- **THE DATA**:
|---|

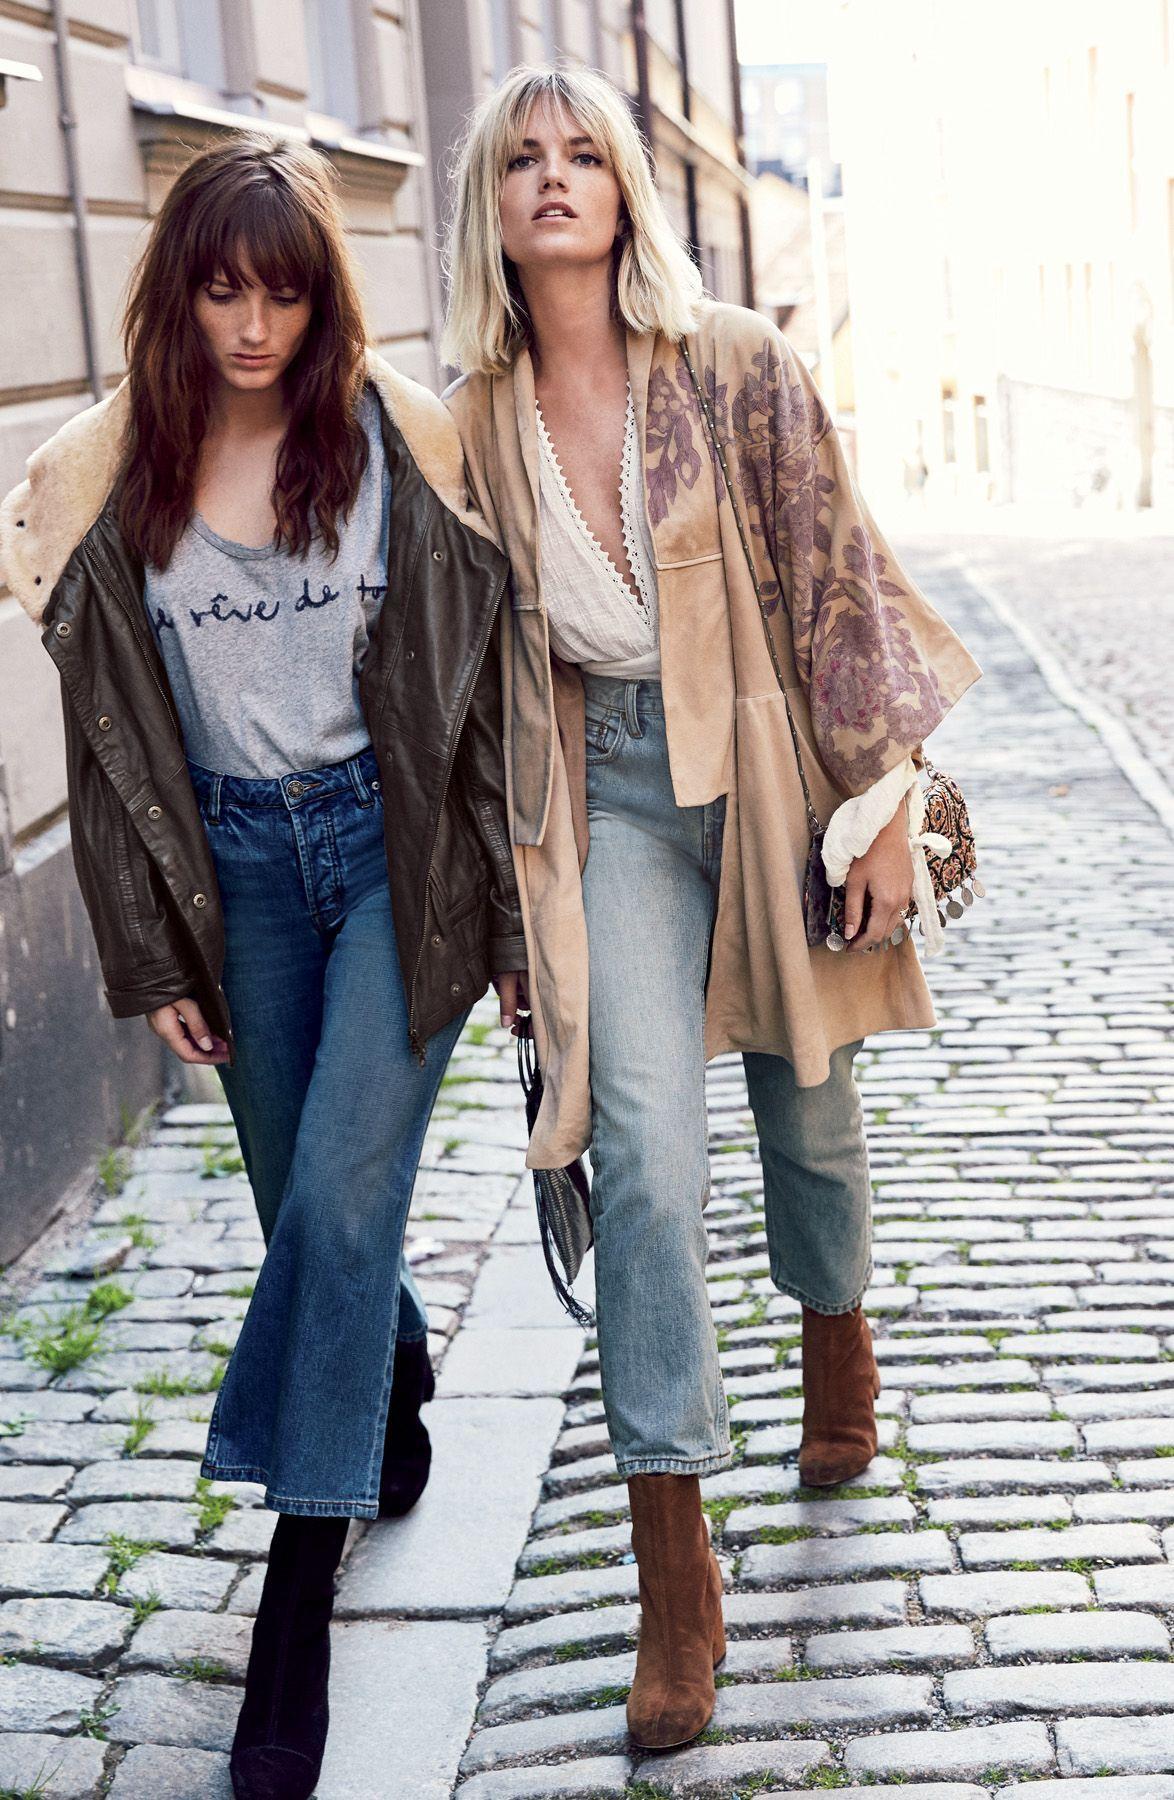 20 perfect fall bohemian street style outfits – boho fashion ideas to wear everyday autumn – Bonjour Kate Blog
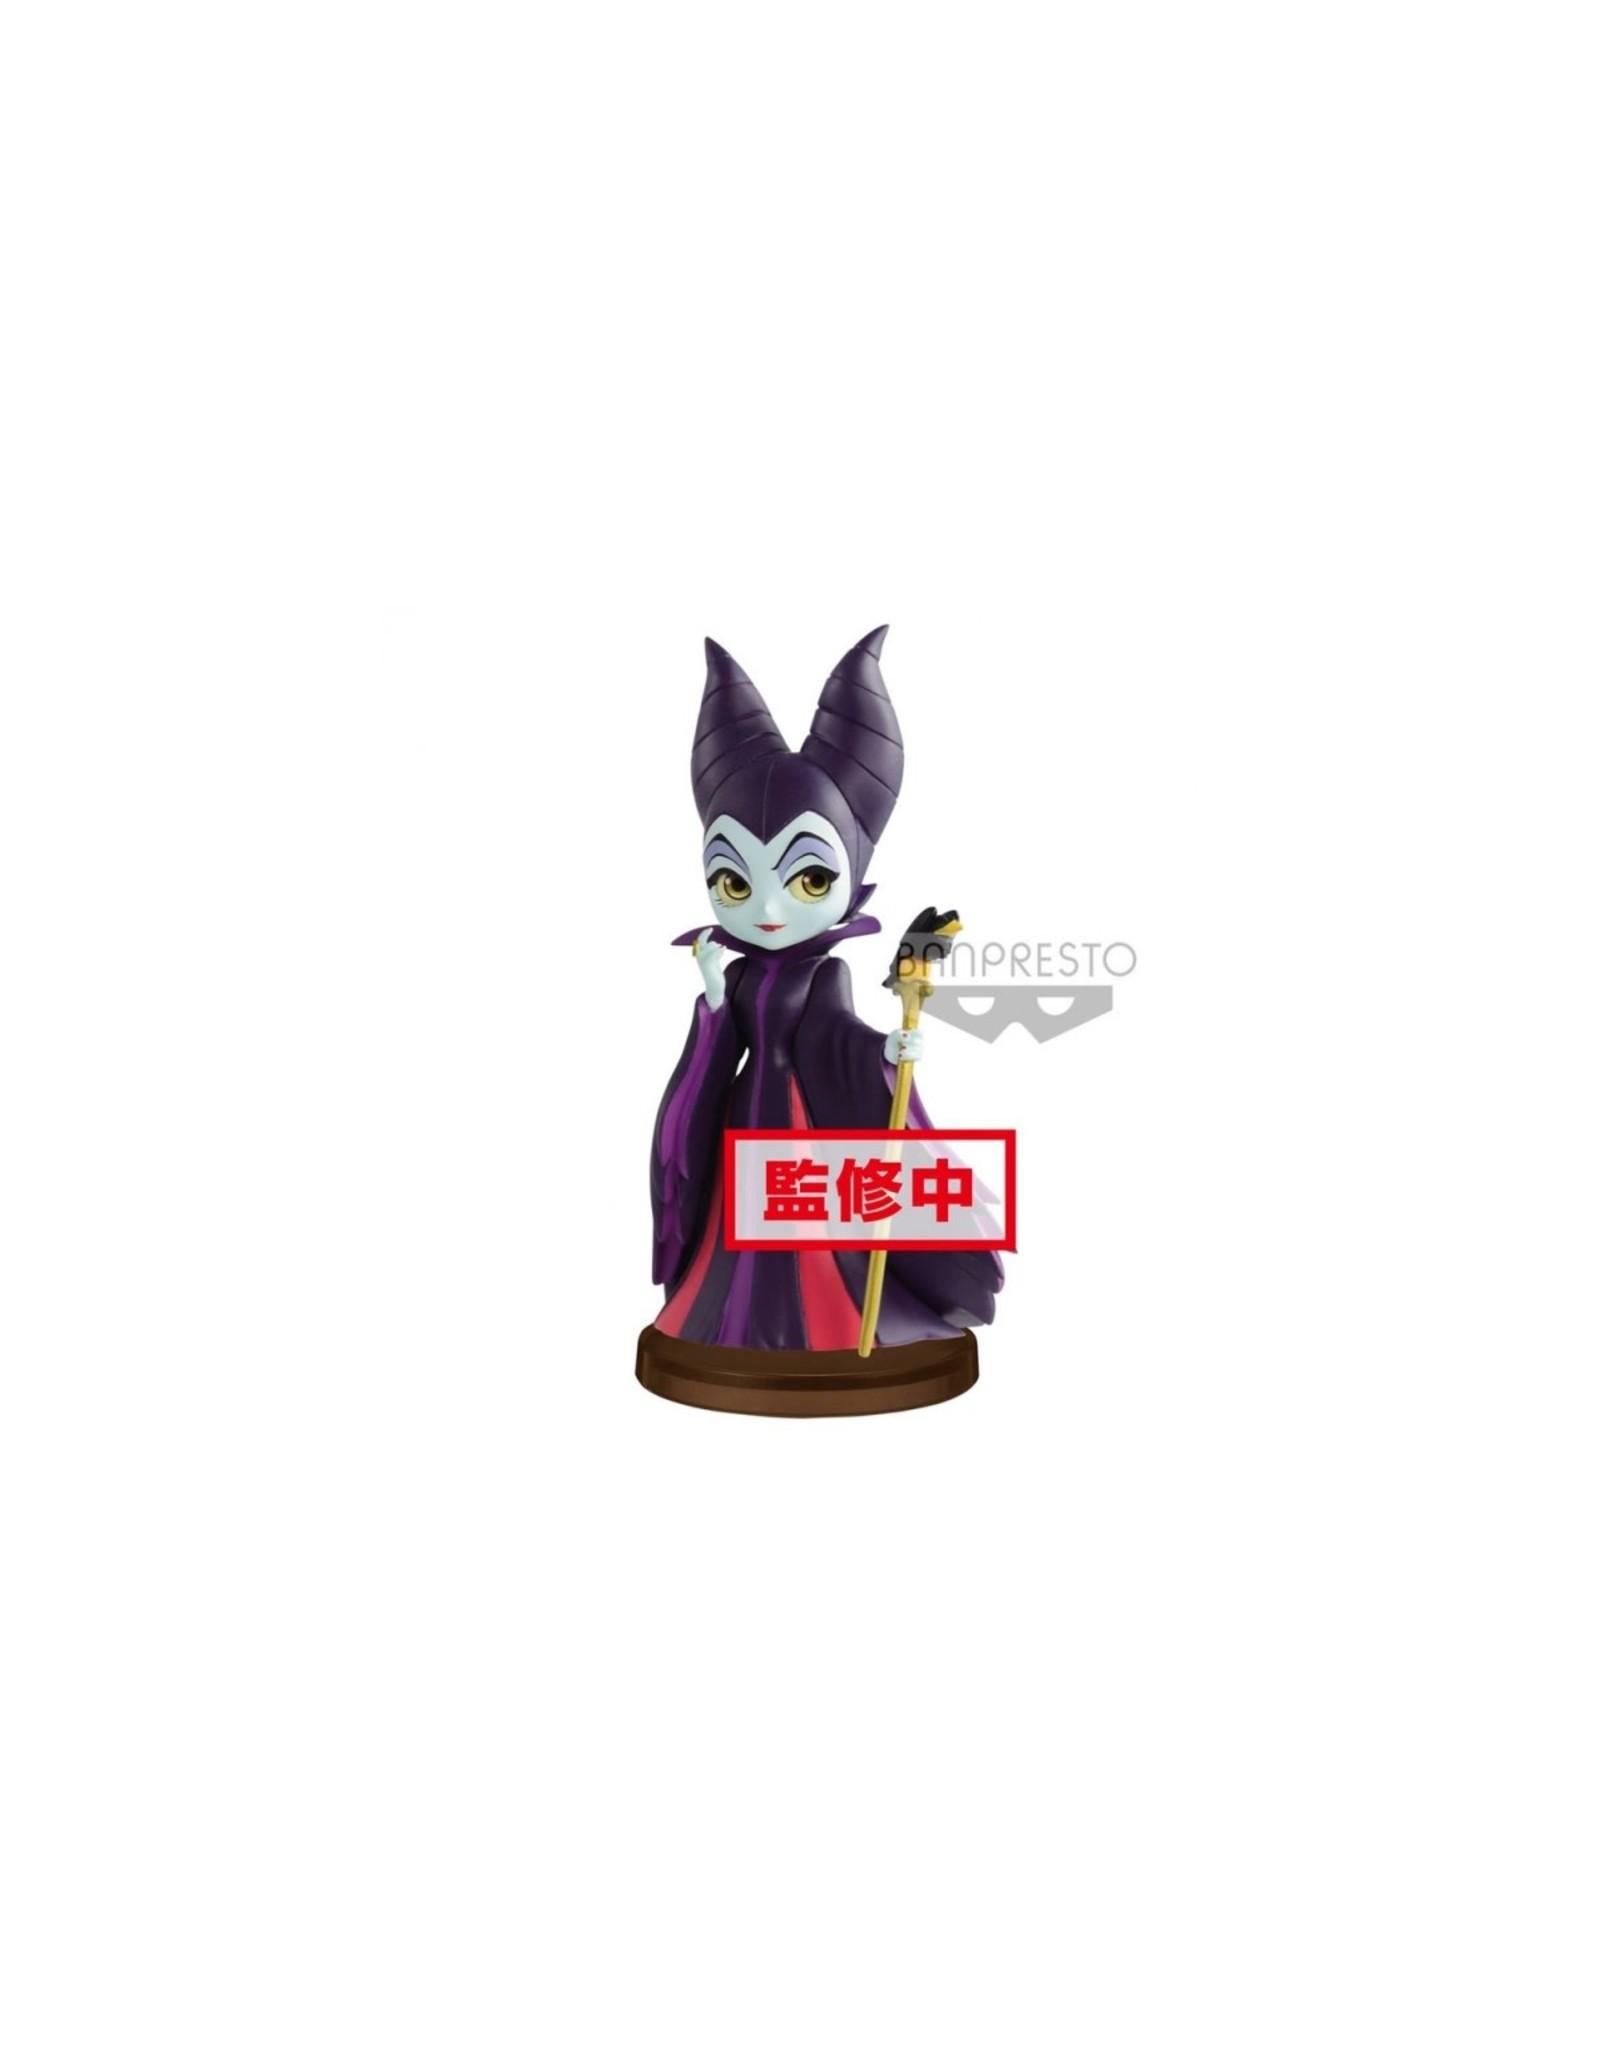 DISNEY - Q Posket Mini Girls Villains - Maleficent - 7cm
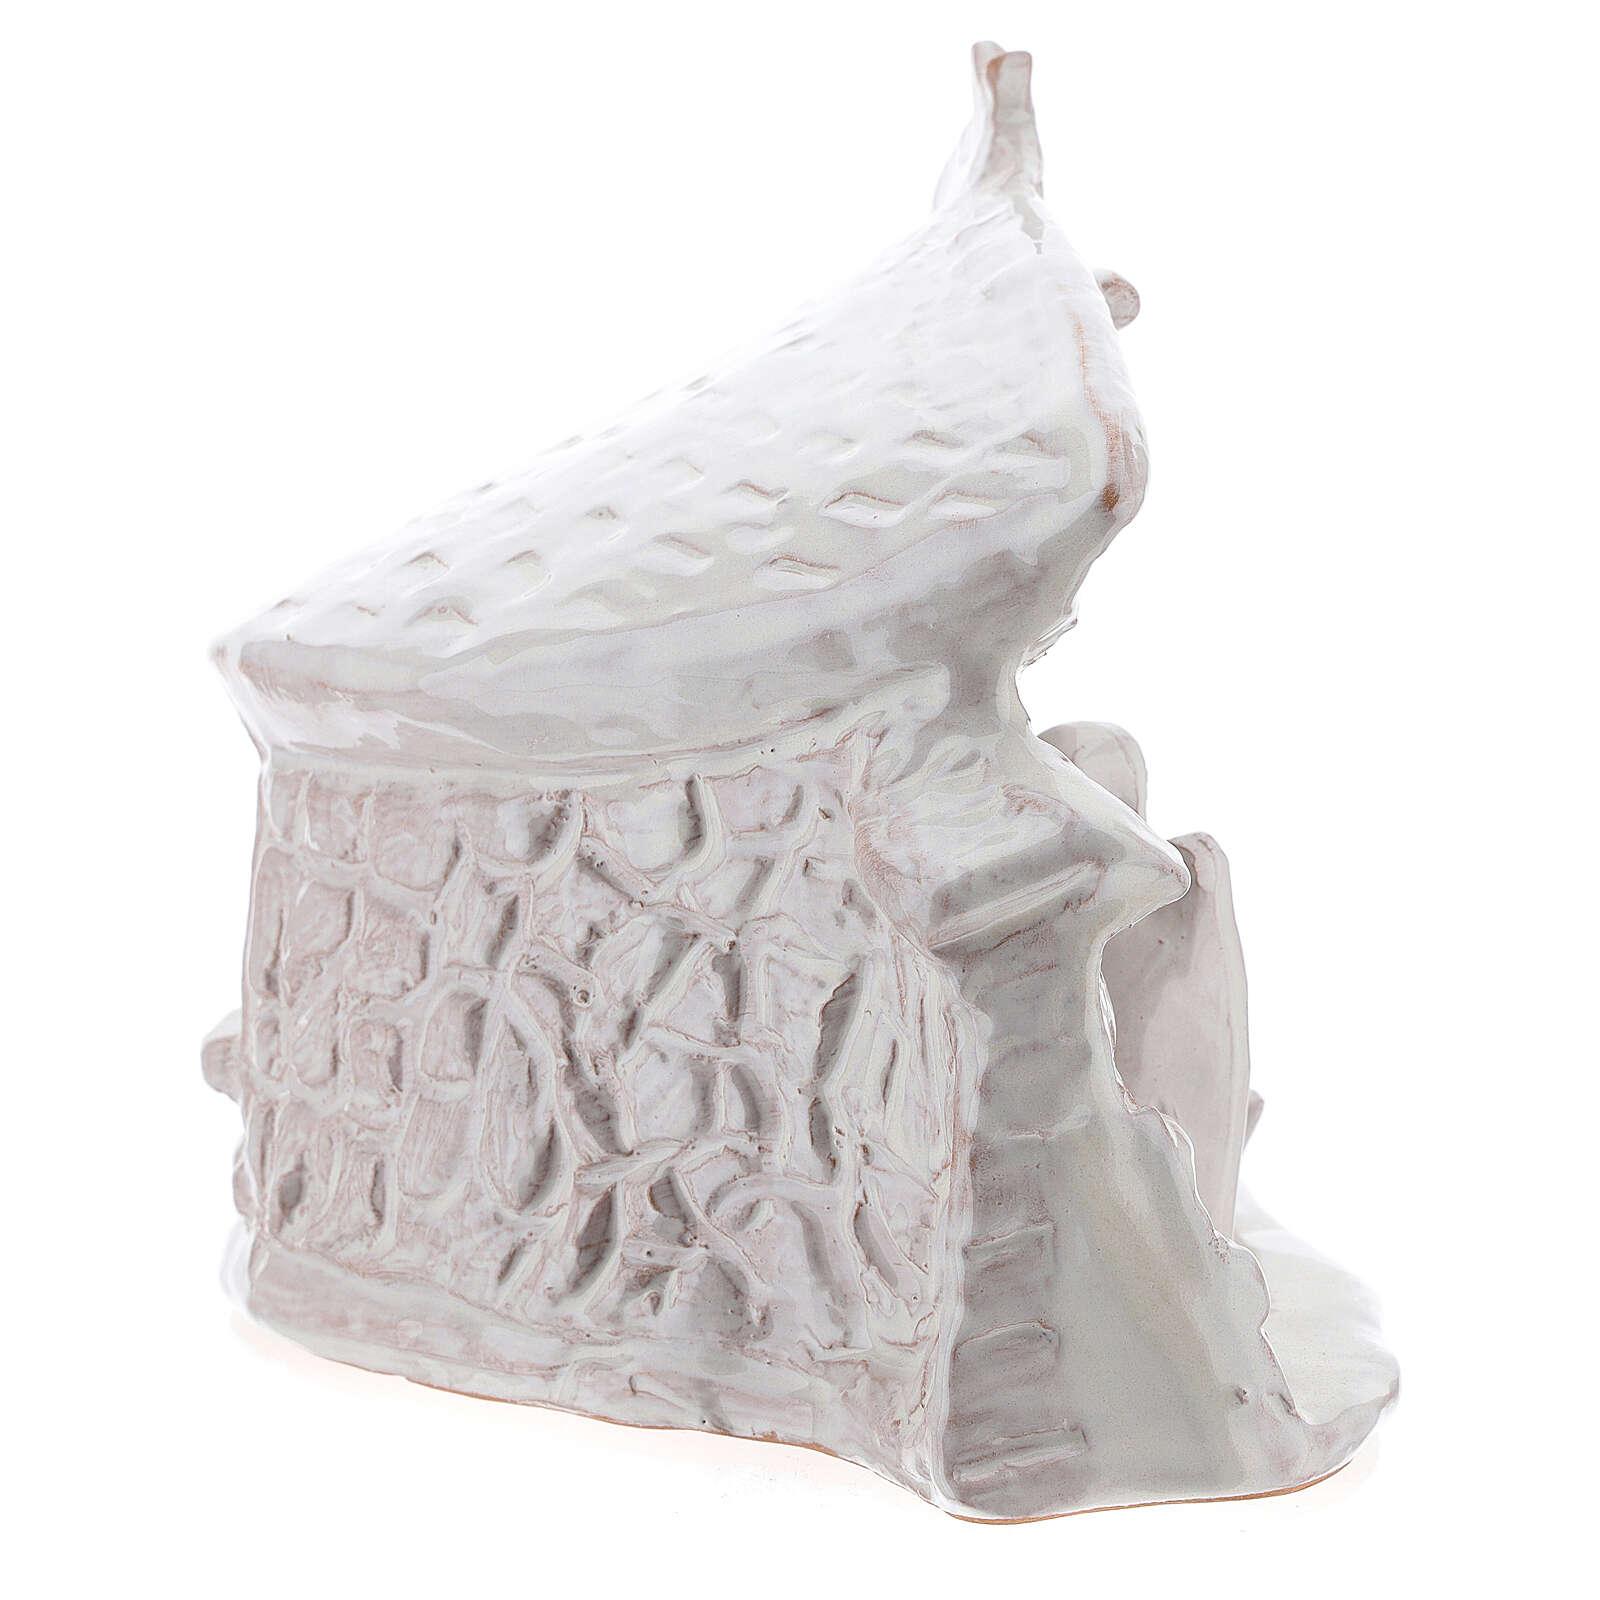 Cabaña Sagrada Familia vigas paredes de piedra terracota blanca Deruta 20 cm 4

|---|

- **WHAT IS EXPECTED**:
Output each line above exactly. Skip the images.

- **RESPONSE FOR THIS EXERCISE**:
 20 perfect fall bohemian street style outfits – boho fashion ideas to wear everyday autumn – Bonjour Kate Blog
 DISNEY - Q Posket Mini Girls Villains - Maleficent - 7cm
 Cabaña Sagrada Familia vigas paredes de piedra terracota blanca Deruta 20 cm 4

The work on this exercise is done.